There are a lot of explanations elsewhere, here I’d like to share some example questions in an interview setting.
How to annotate your data for your NLP pipeline?
Here are some tips for readers’ reference:
Annotating data is an important step in creating a Natural Language Processing (NLP) pipeline. It involves labeling different parts of your data such as text, speech, or images with relevant tags or metadata to enable your machine learning algorithms to learn from it. Here are some steps to follow when annotating your data:
- Define your annotation scheme: You need to decide on the type of annotations you want to use, such as Named Entity Recognition (NER), Part of Speech (POS), sentiment analysis, or topic modeling. Each type of annotation requires a different set of labels to annotate your data.

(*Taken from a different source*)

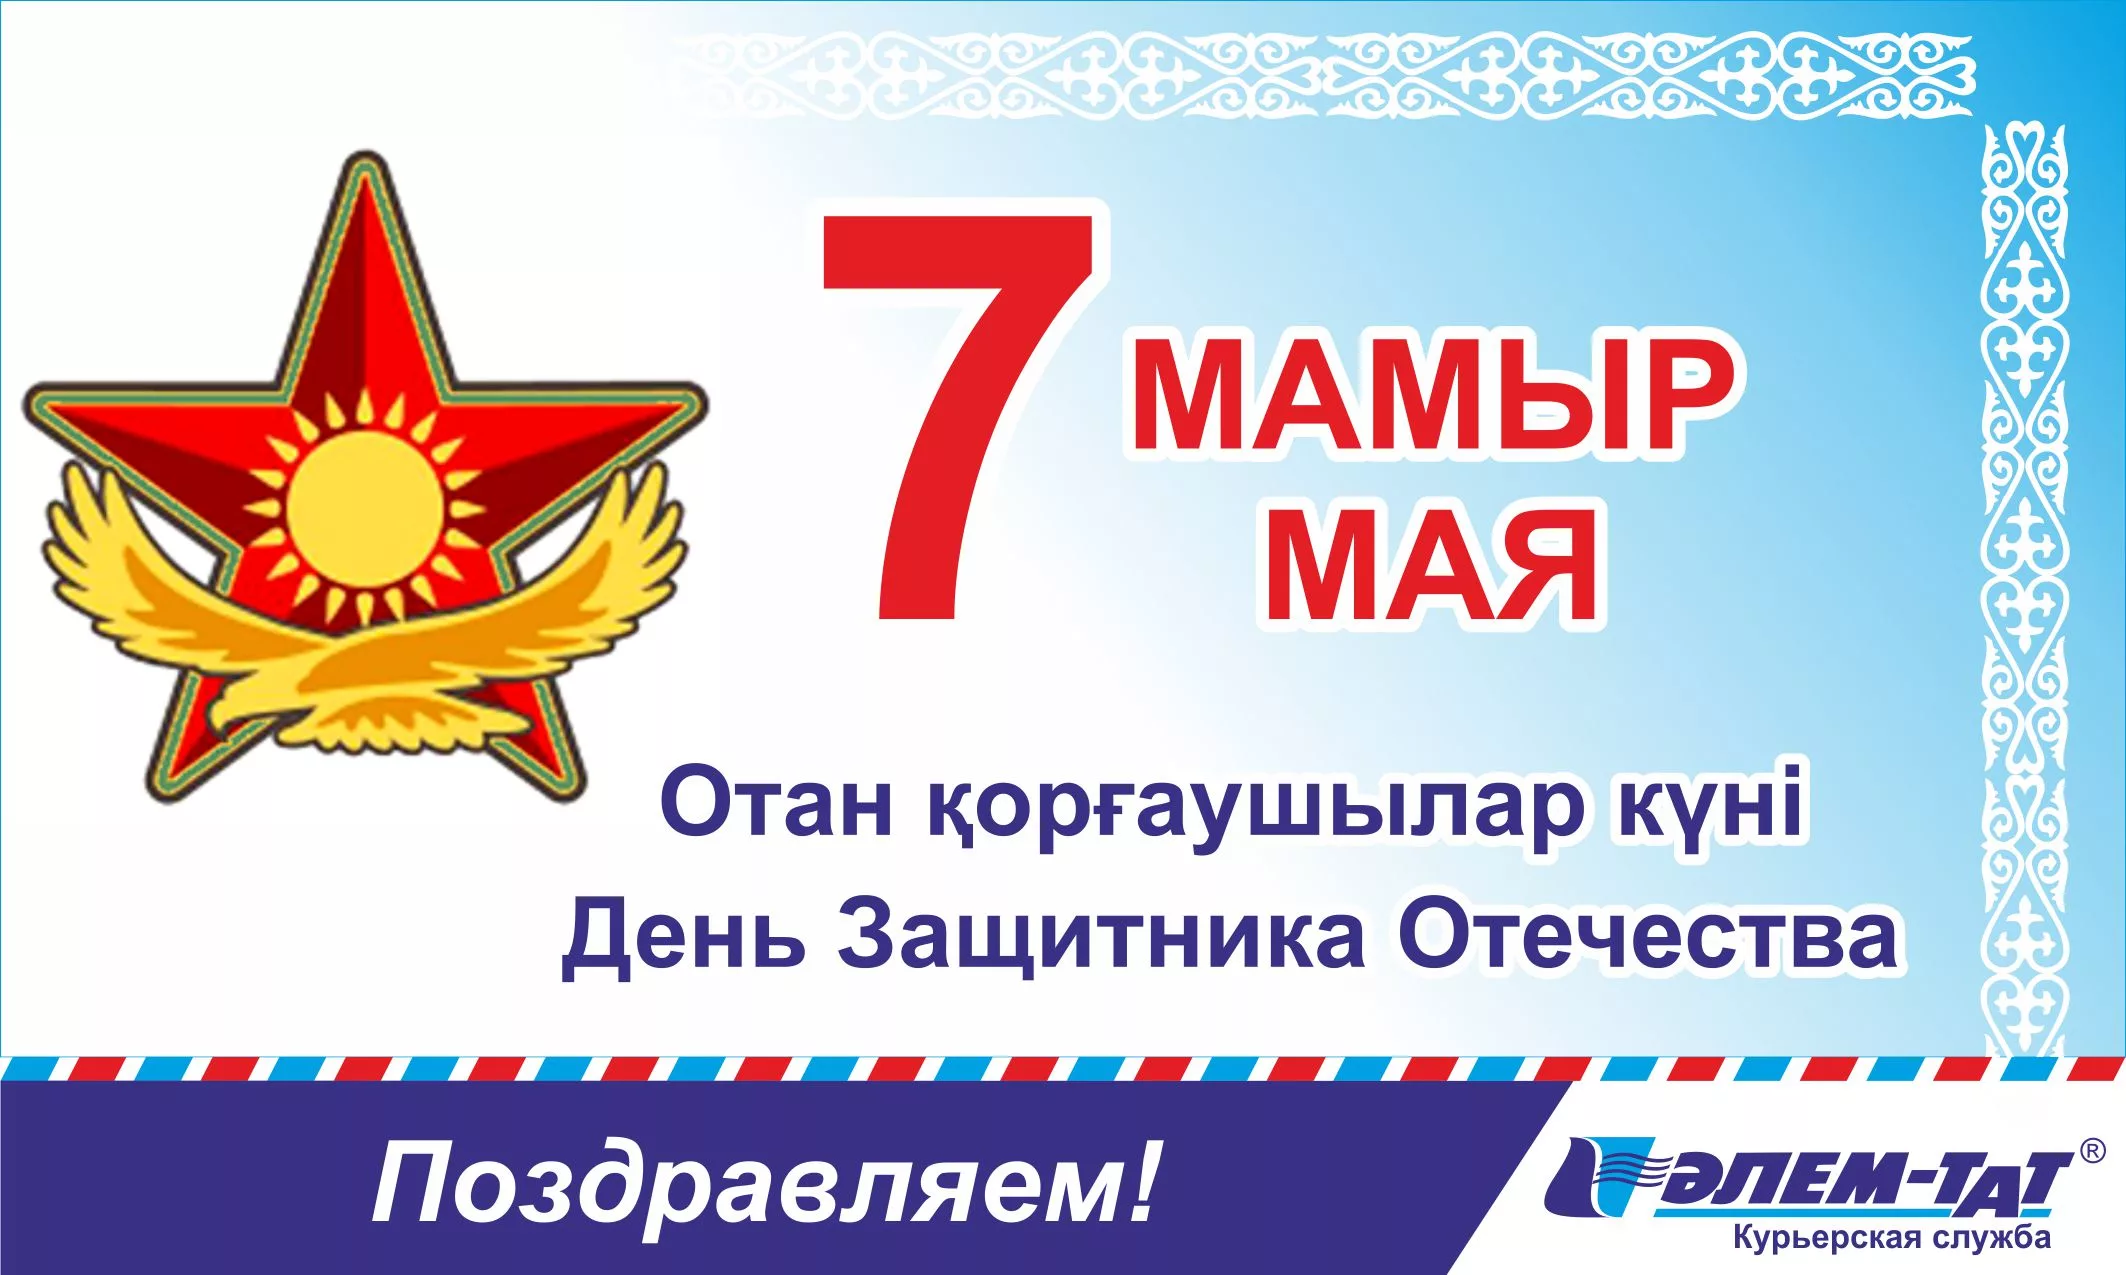 Фото Поздравления любимому с Днем защитника Отечества в Казахстане (7 Мая) #63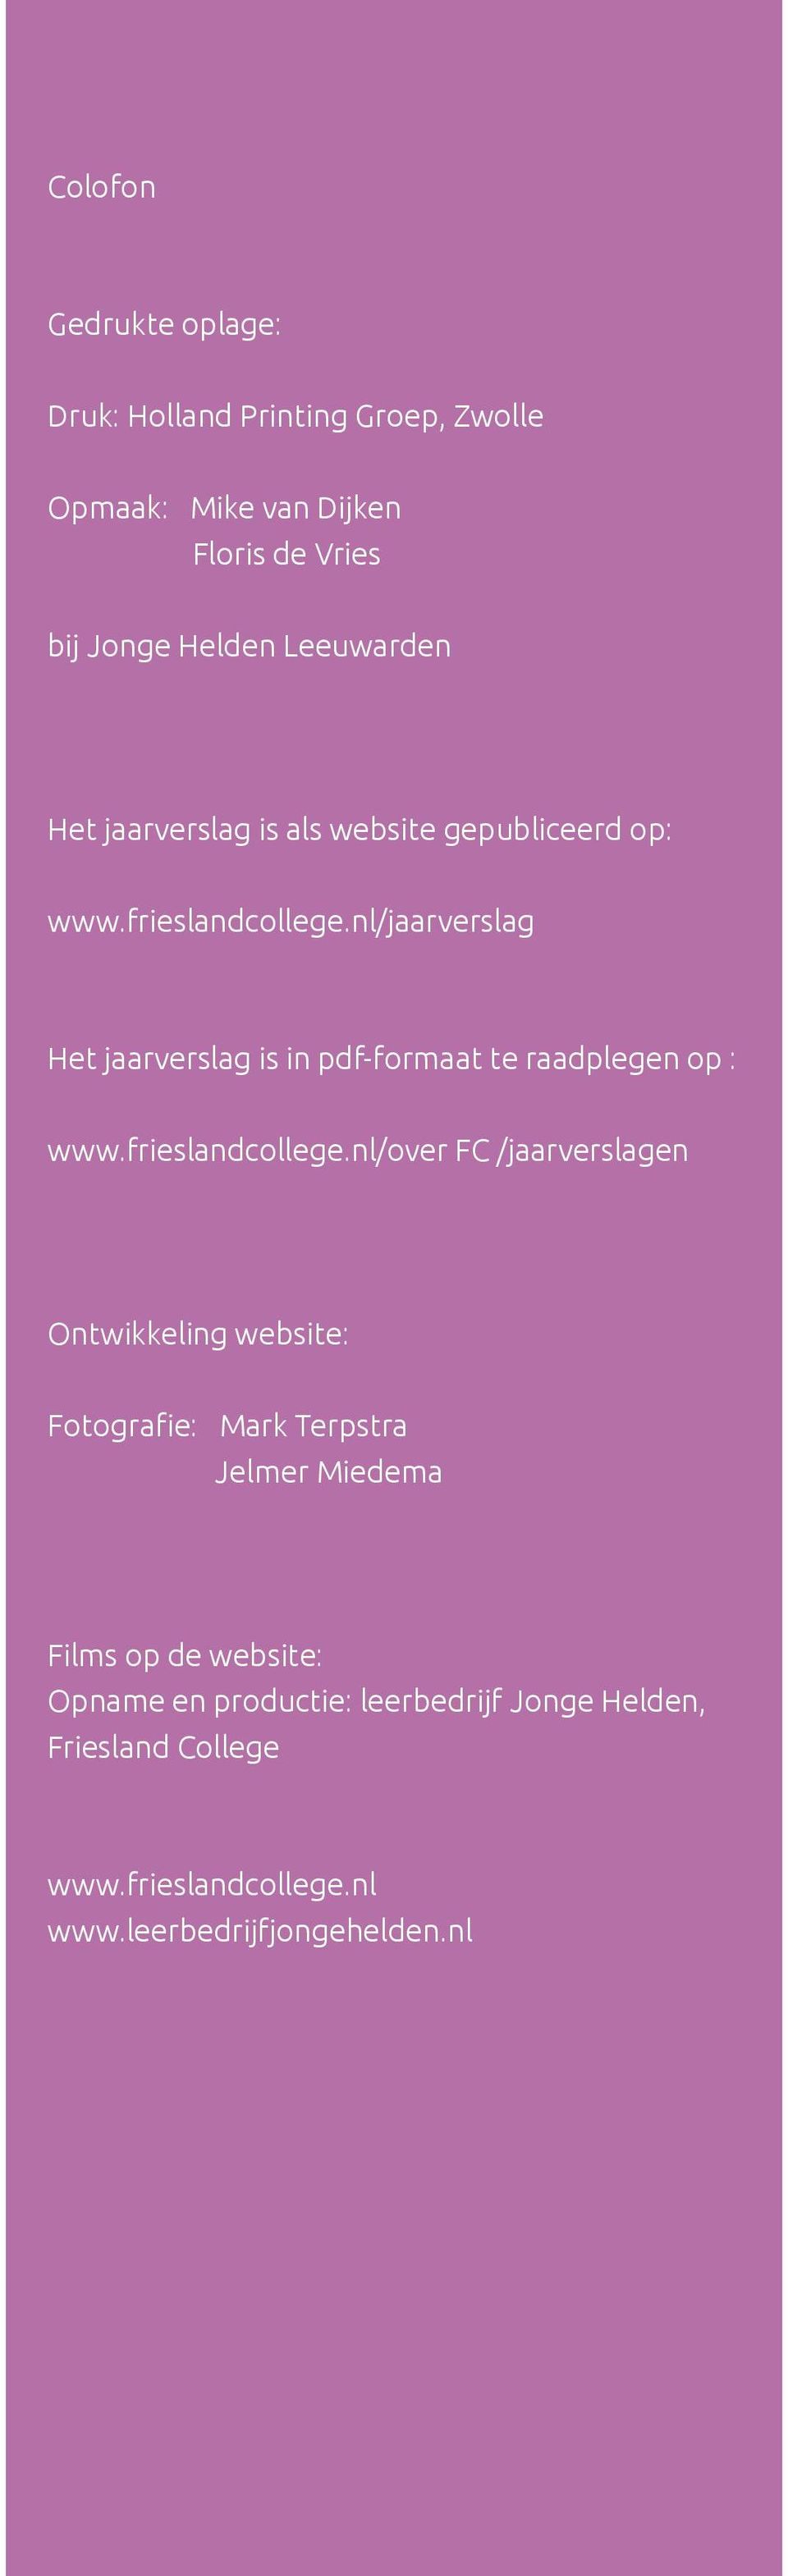 nl/jaarverslag Het jaarverslag is in pdf-formaat te raadplegen op : www.frieslandcollege.

- Create a set of guidelines: It’s essential to create a set of guidelines or annotation instructions that describe how to annotate the data consistently. These guidelines should cover specific scenarios and edge cases that may arise during the annotation process.
- Choose an annotation tool: There are many annotation tools available, both free and paid, that can help you annotate your data. Some popular tools include Prodigy, Brat, and Label Studio. These tools allow you to label your data interactively and efficiently.
- Annotate the data: Once you have your annotation scheme, guidelines, and annotation tool ready, you can start annotating your data. You can either do it yourself or hire annotators to do it for you. It’s important to ensure that the annotation is accurate and consistent throughout the dataset.
- Validate the annotations: After annotating the data, it’s crucial to validate the annotations to ensure that they are accurate and consistent. You can use tools such as Kappa score or inter-annotator agreement to measure the reliability of the annotations.
- Train your NLP pipeline: Once you have your annotated data, you can use it to train your NLP pipeline. The pipeline will learn from the annotated data and make predictions on new data based on what it has learned.